--- Exercise prompt ---
Copy nothing but the text: reproduce each line of the listing exactly and leave the pictures out.

--- Source data ---
------------------------
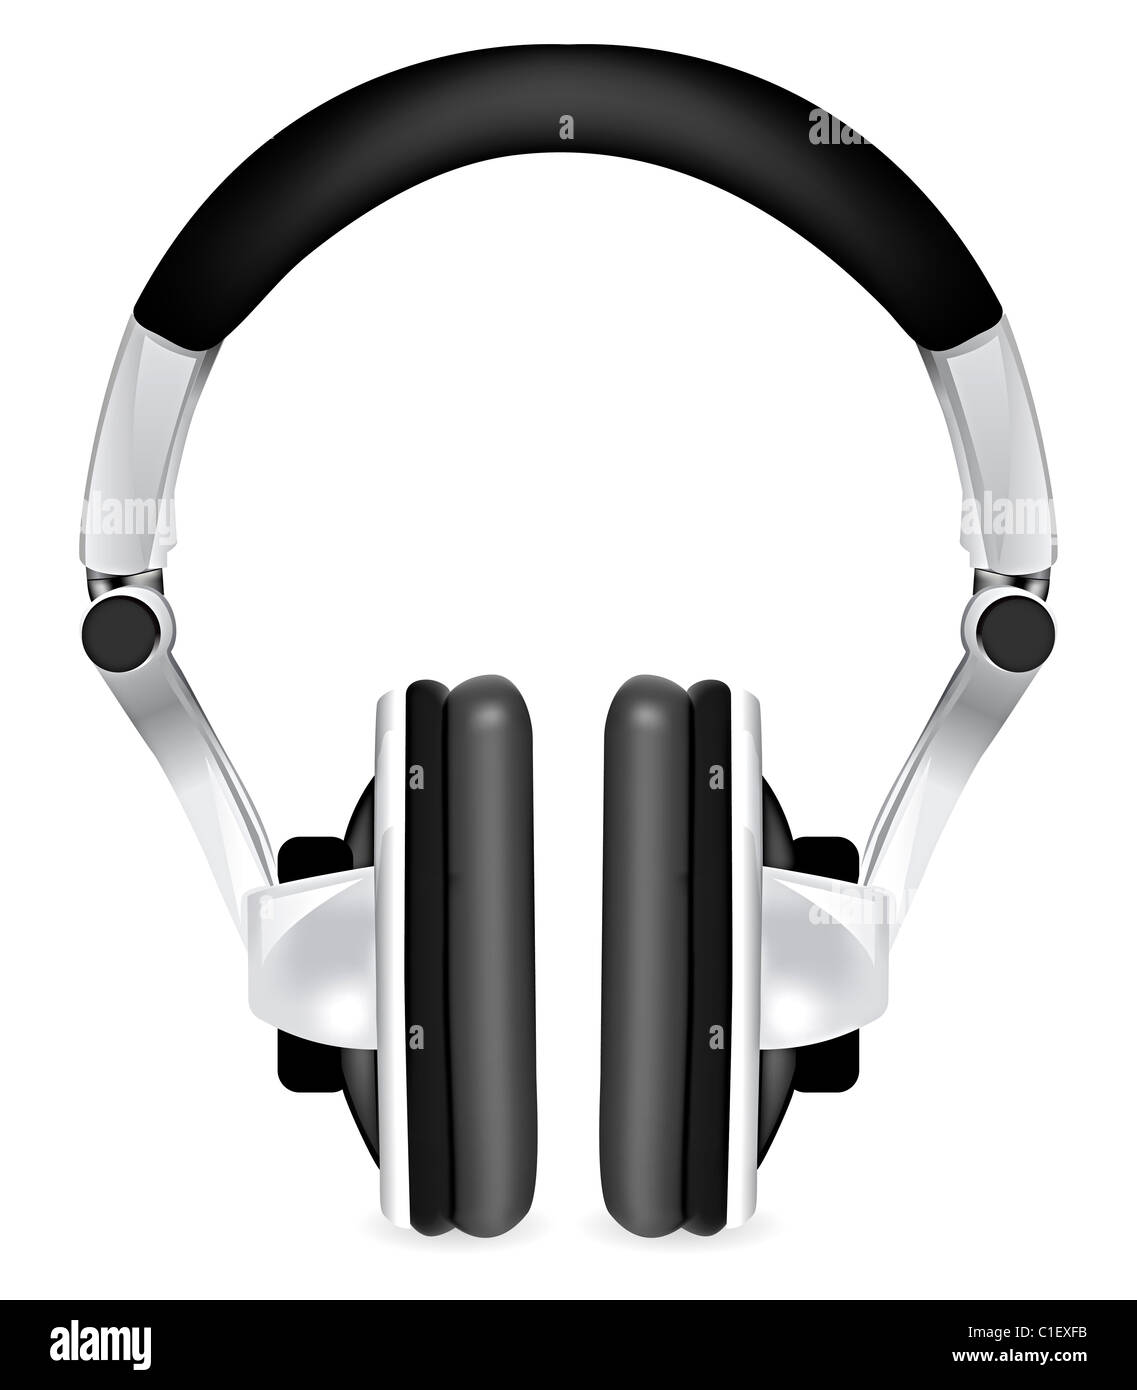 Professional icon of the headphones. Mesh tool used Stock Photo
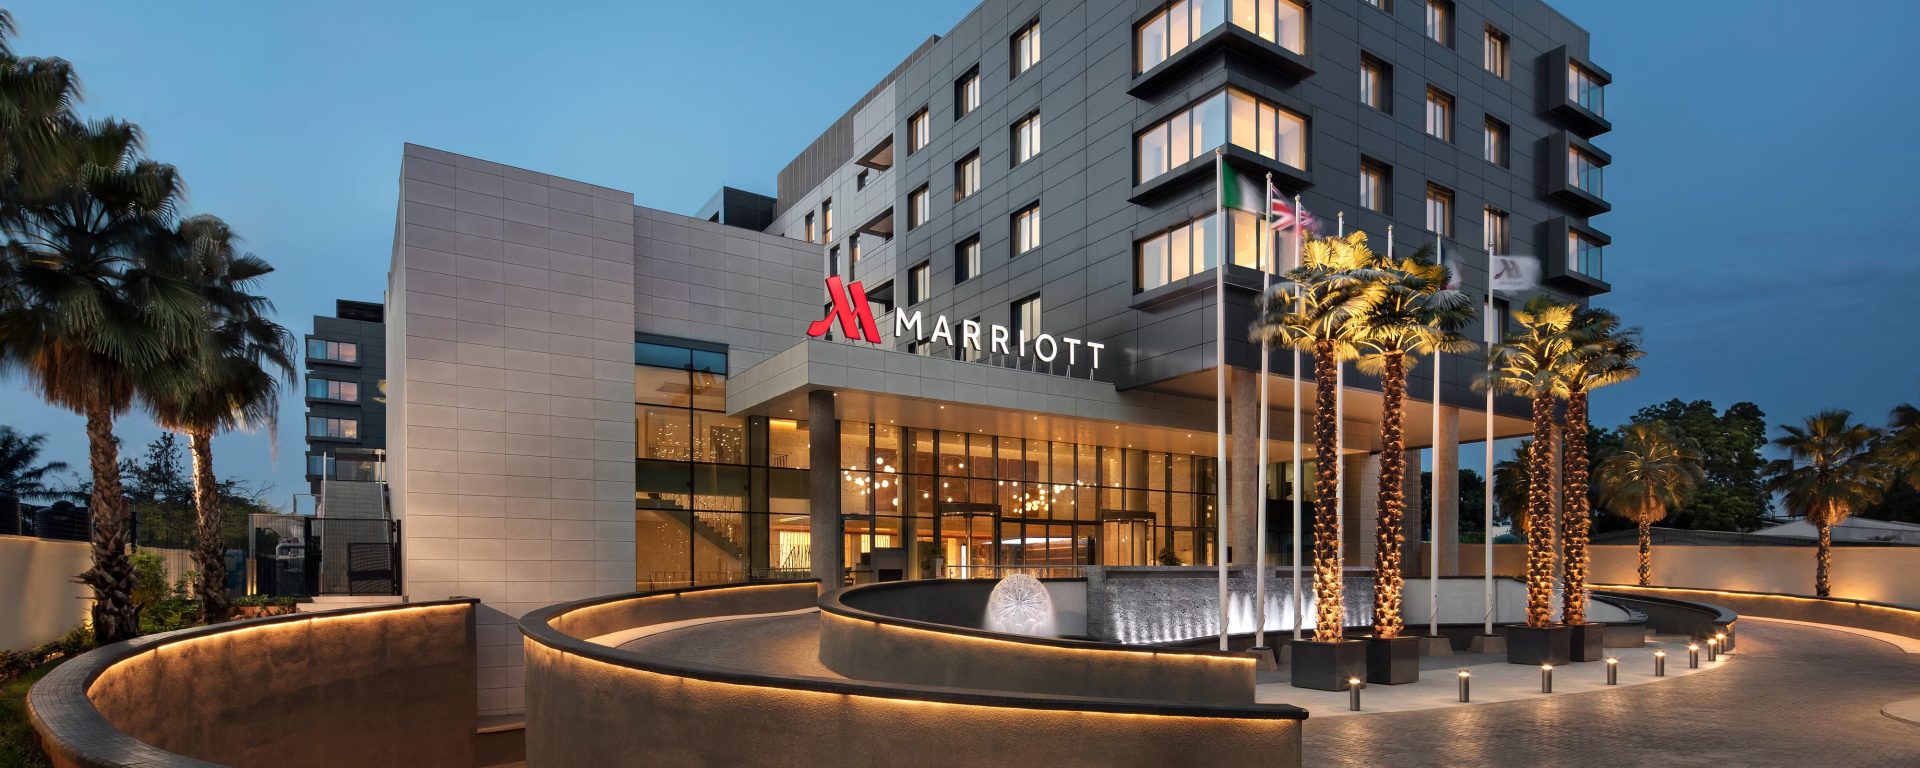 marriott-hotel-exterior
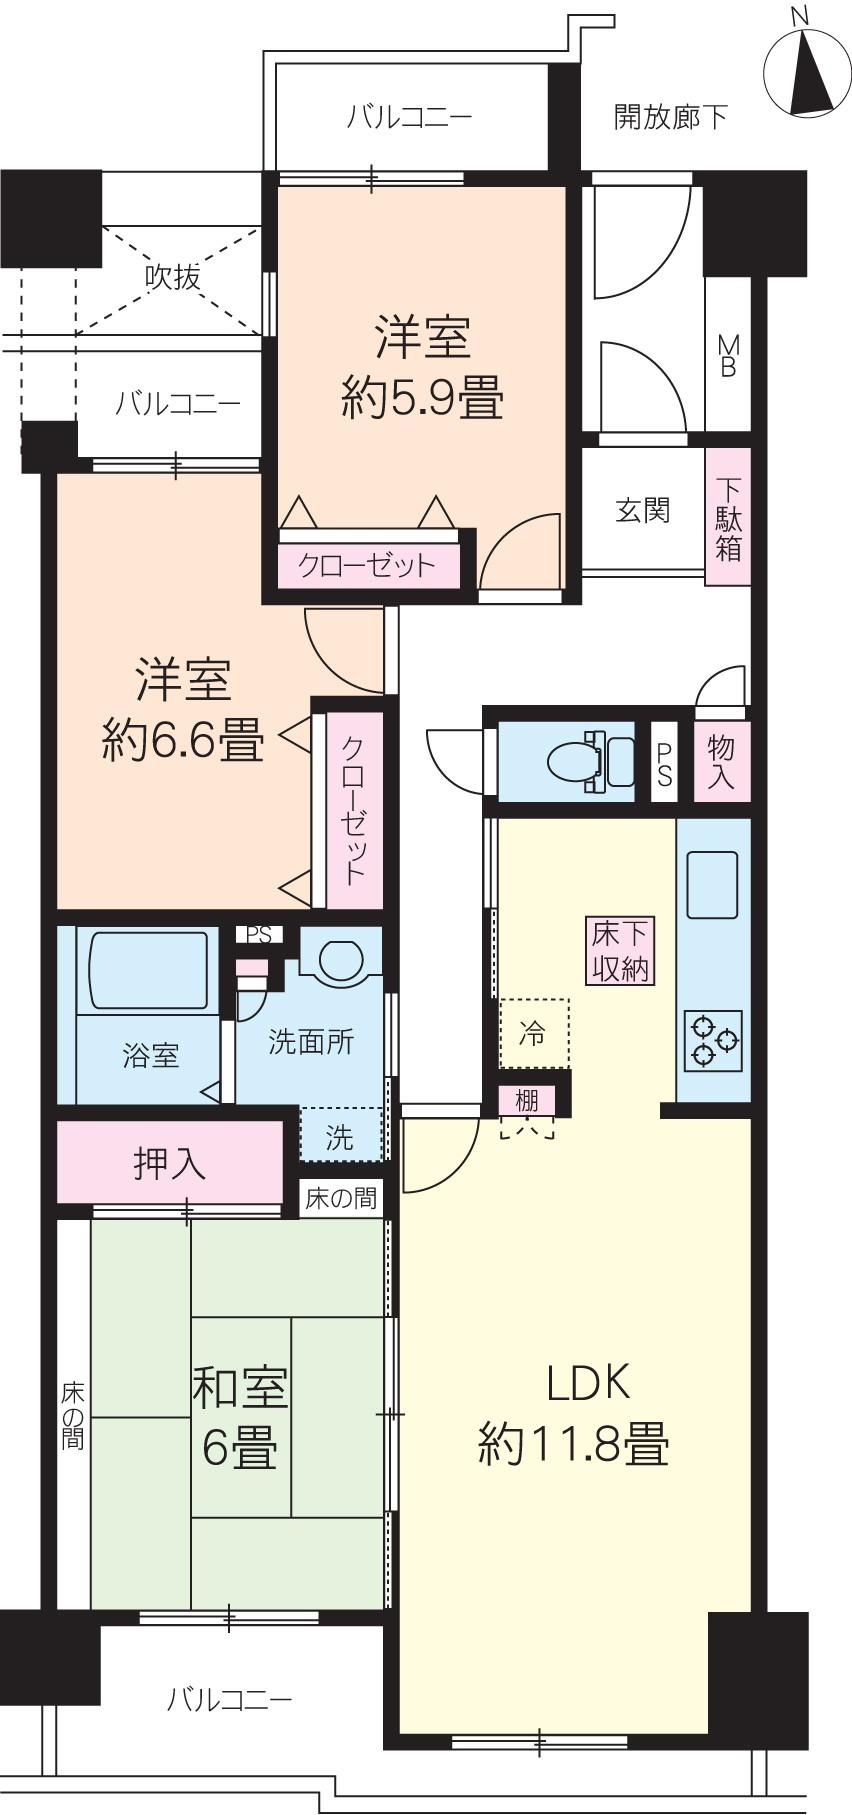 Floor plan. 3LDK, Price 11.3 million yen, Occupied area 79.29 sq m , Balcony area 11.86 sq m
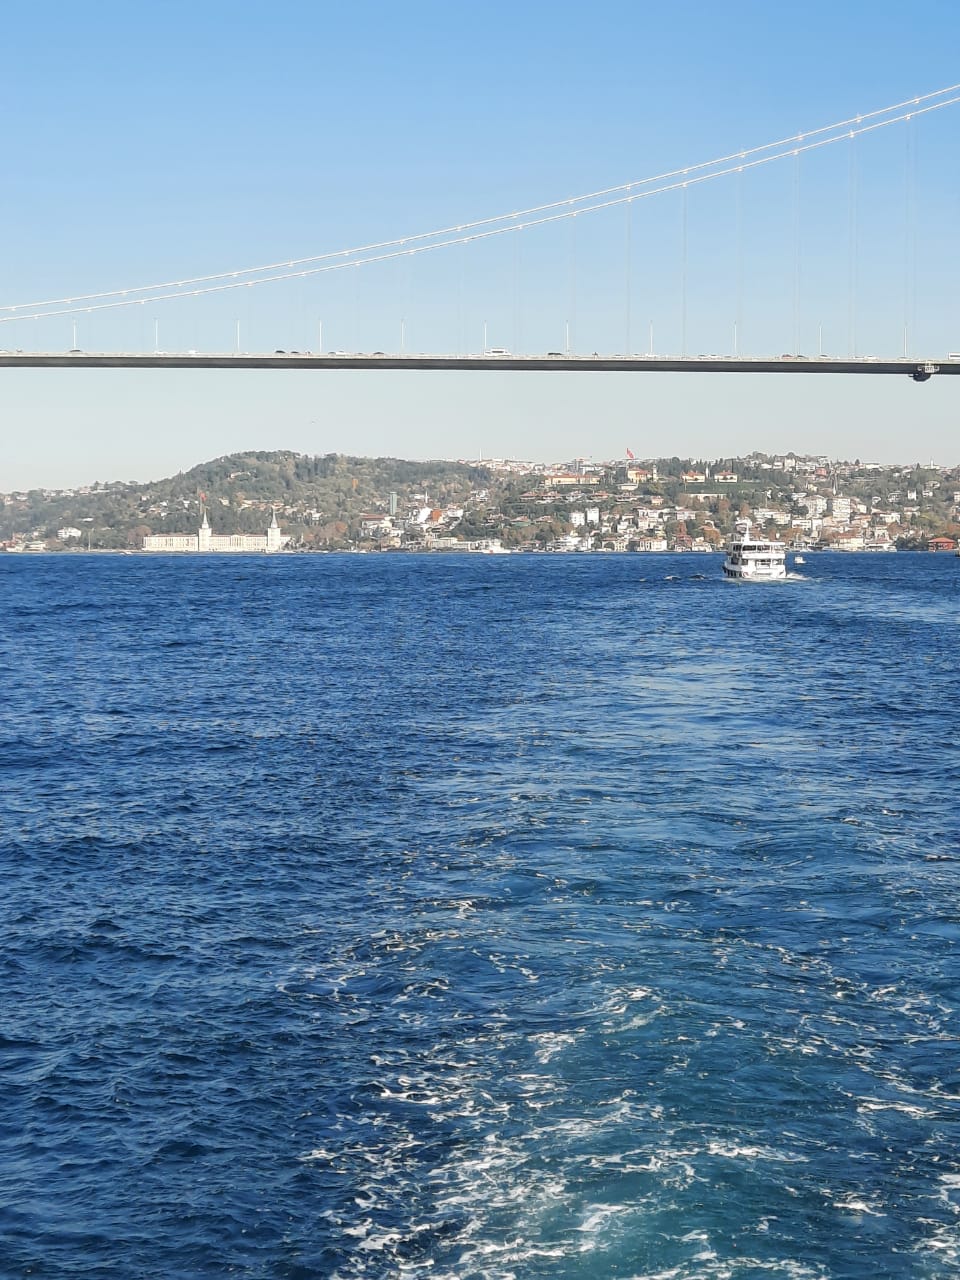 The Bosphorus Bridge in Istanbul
------------------------
--- Problem solution ---
 Professional icon of the headphones. Mesh tool used Stock Photo
 marriott-hotel-exterior
 Floor plan. 3LDK, Price 11.3 million yen, Occupied area 79.29 sq m , Balcony area 11.86 sq m
 The Bosphorus Bridge in Istanbul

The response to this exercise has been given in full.